*** Data ***

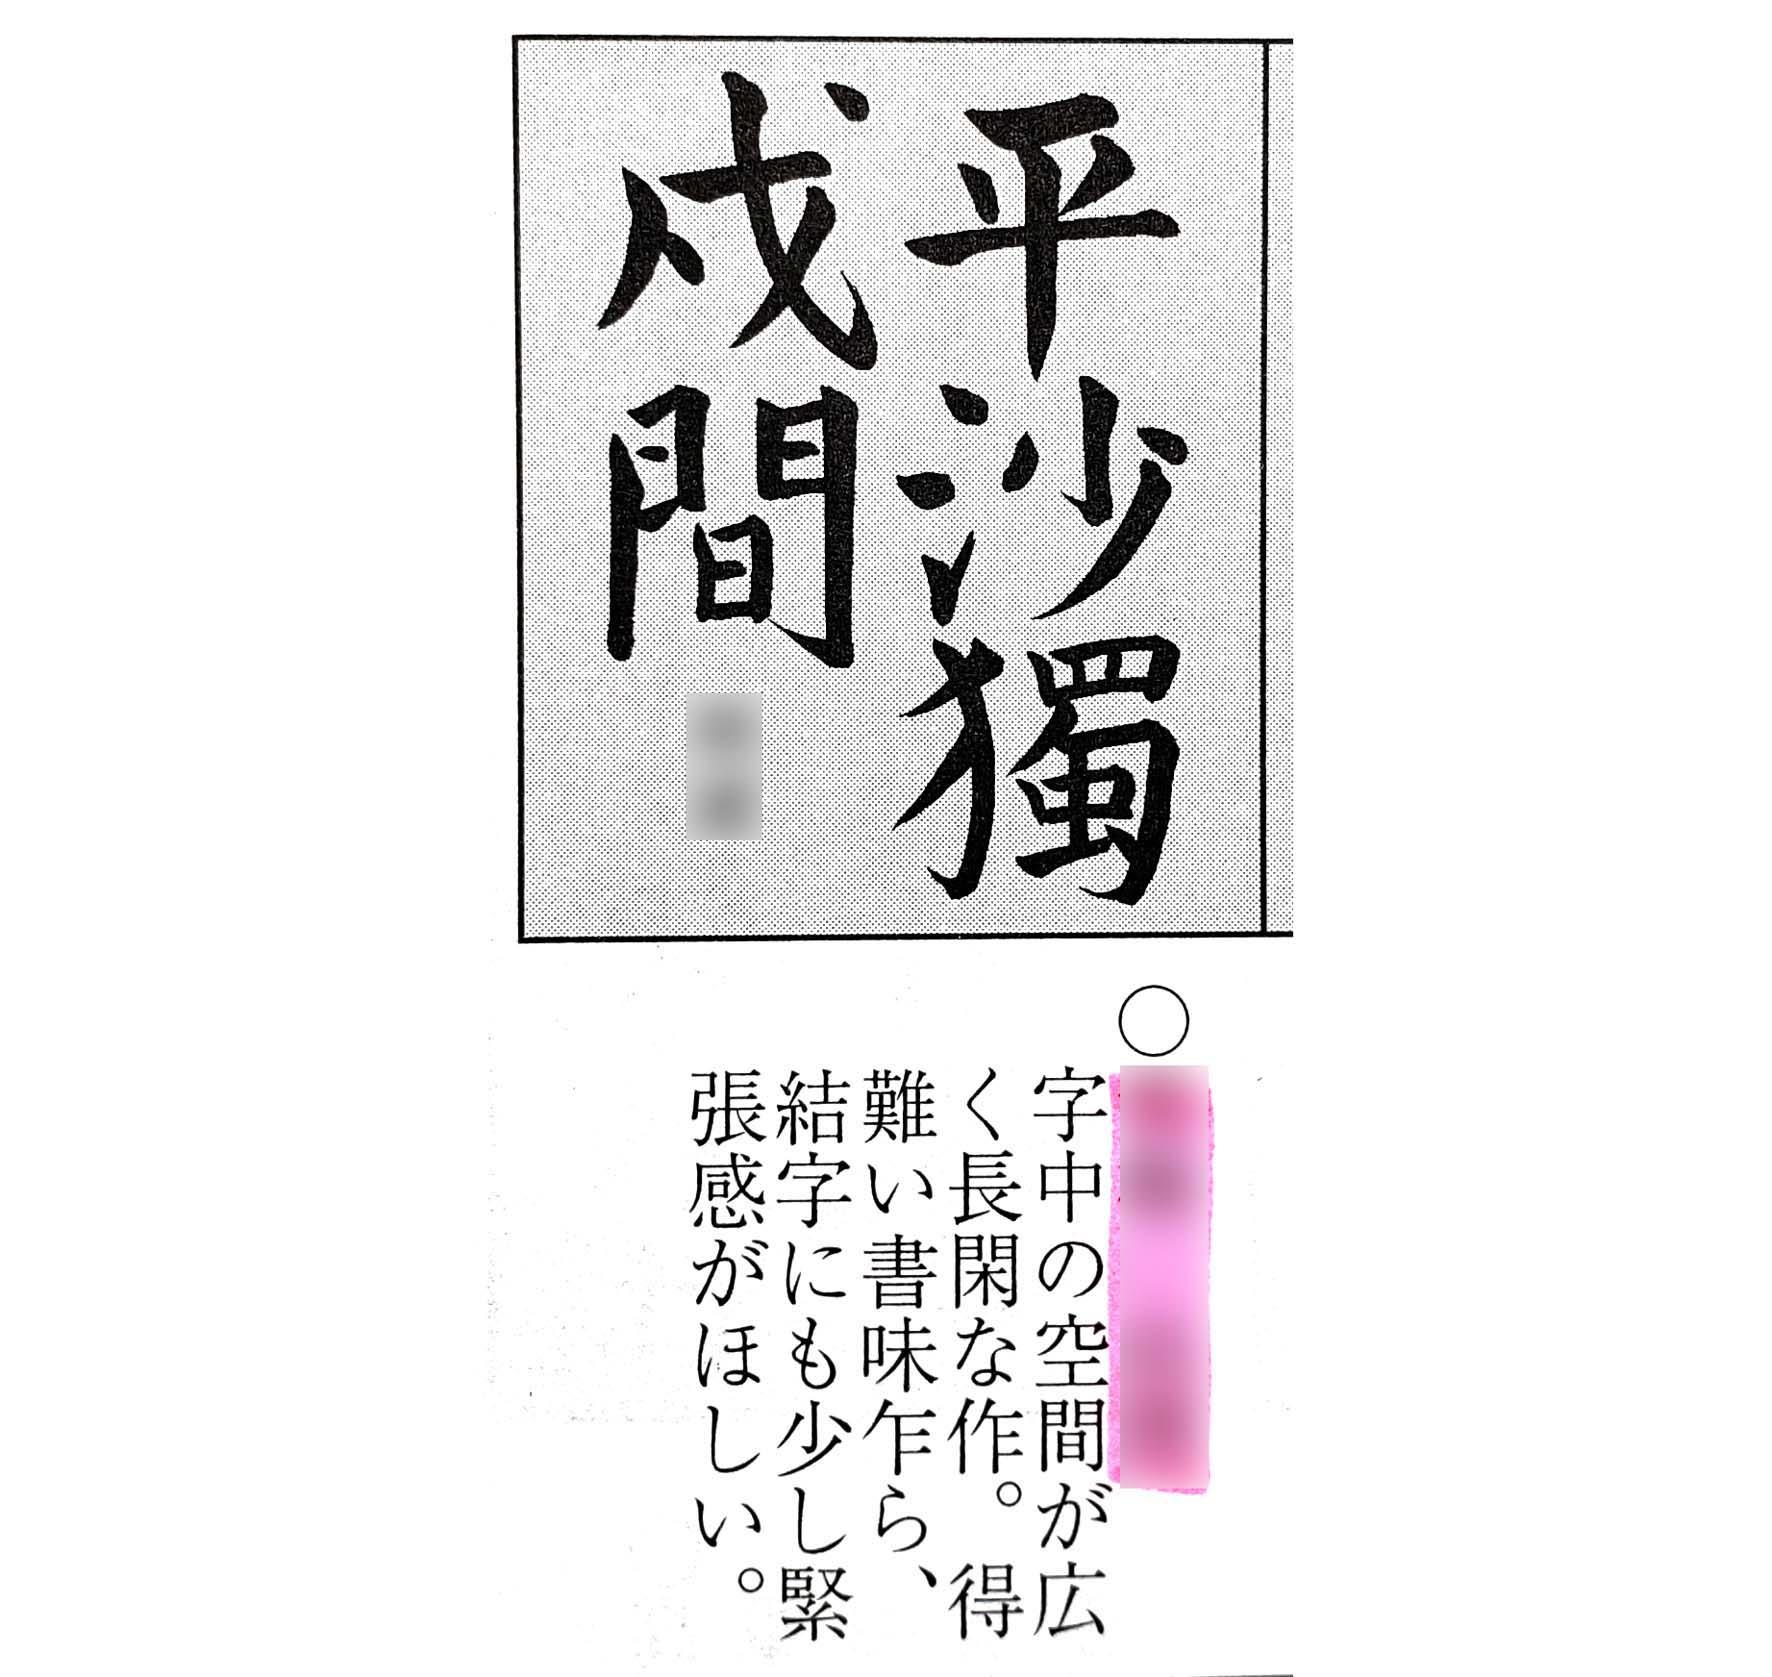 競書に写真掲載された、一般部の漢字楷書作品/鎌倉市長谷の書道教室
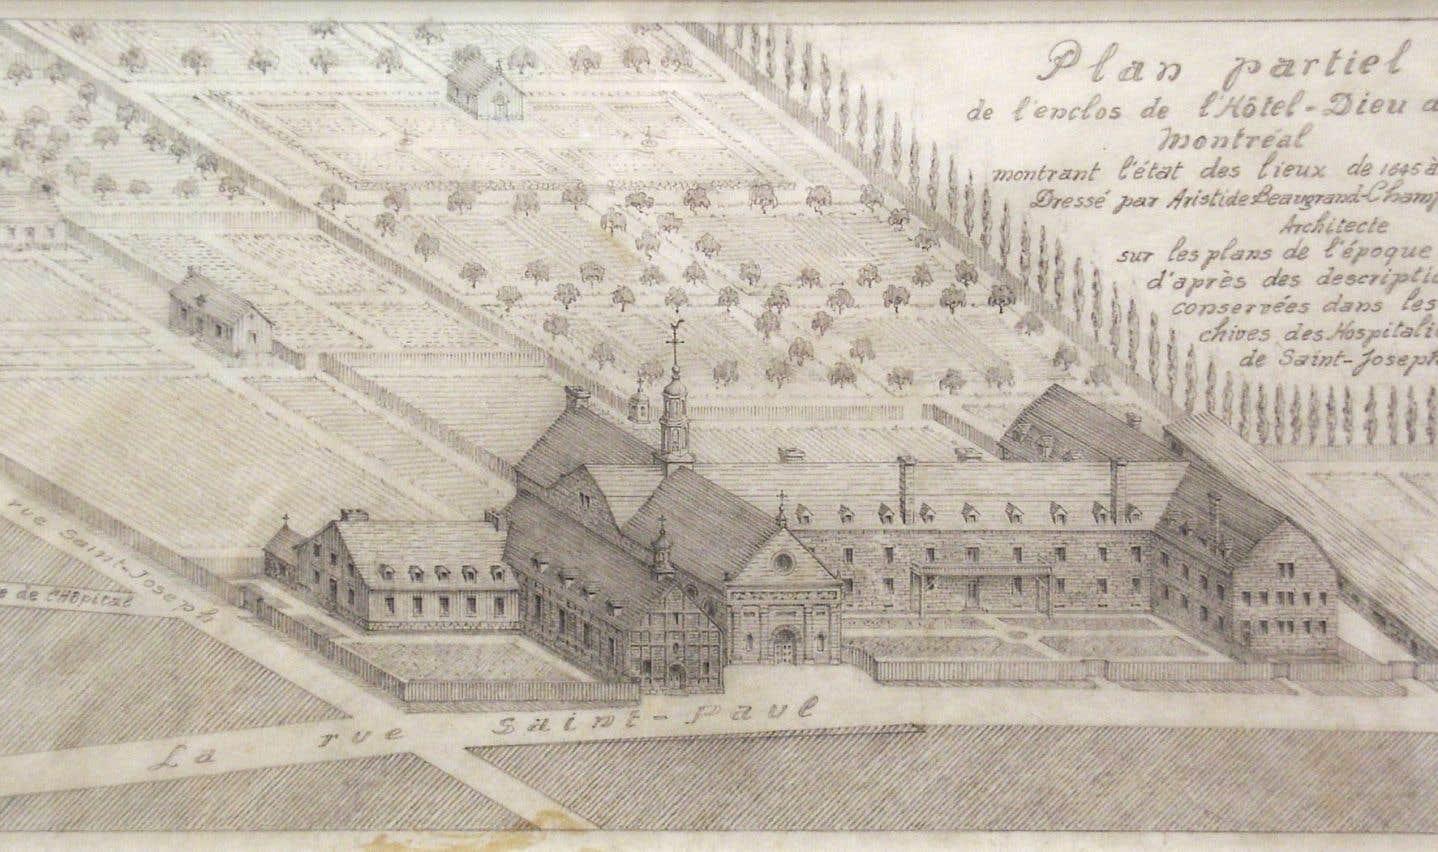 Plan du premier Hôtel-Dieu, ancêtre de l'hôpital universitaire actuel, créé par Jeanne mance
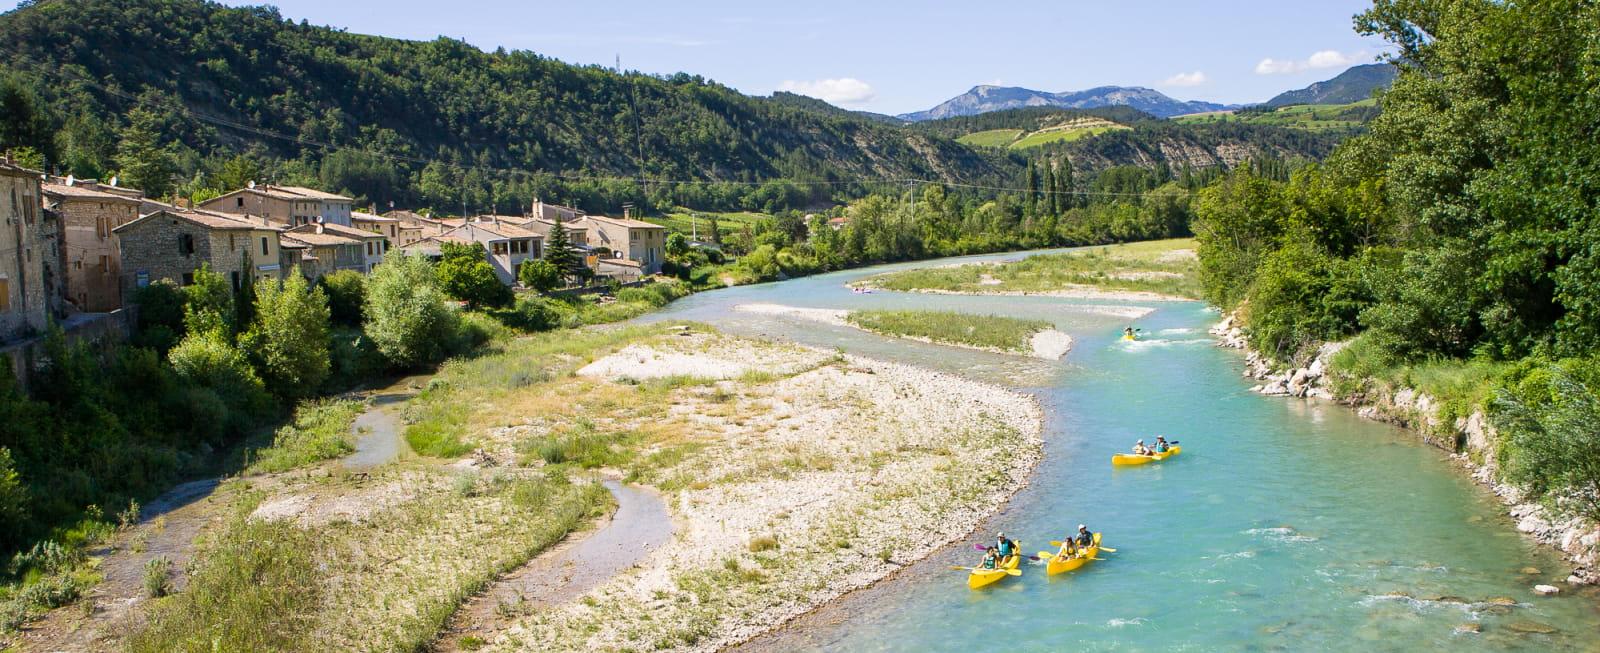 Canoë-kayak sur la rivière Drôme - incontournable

*** End of Data ***

:: Description of the task ::
The listing above is to be retyped word for word, with the pictures omitted.

:: Problem solution ::
 競書に写真掲載された、一般部の漢字楷書作品/鎌倉市長谷の書道教室
 Plan du premier Hôtel-Dieu, ancêtre de l'hôpital universitaire actuel, créé par Jeanne mance
 Canoë-kayak sur la rivière Drôme - incontournable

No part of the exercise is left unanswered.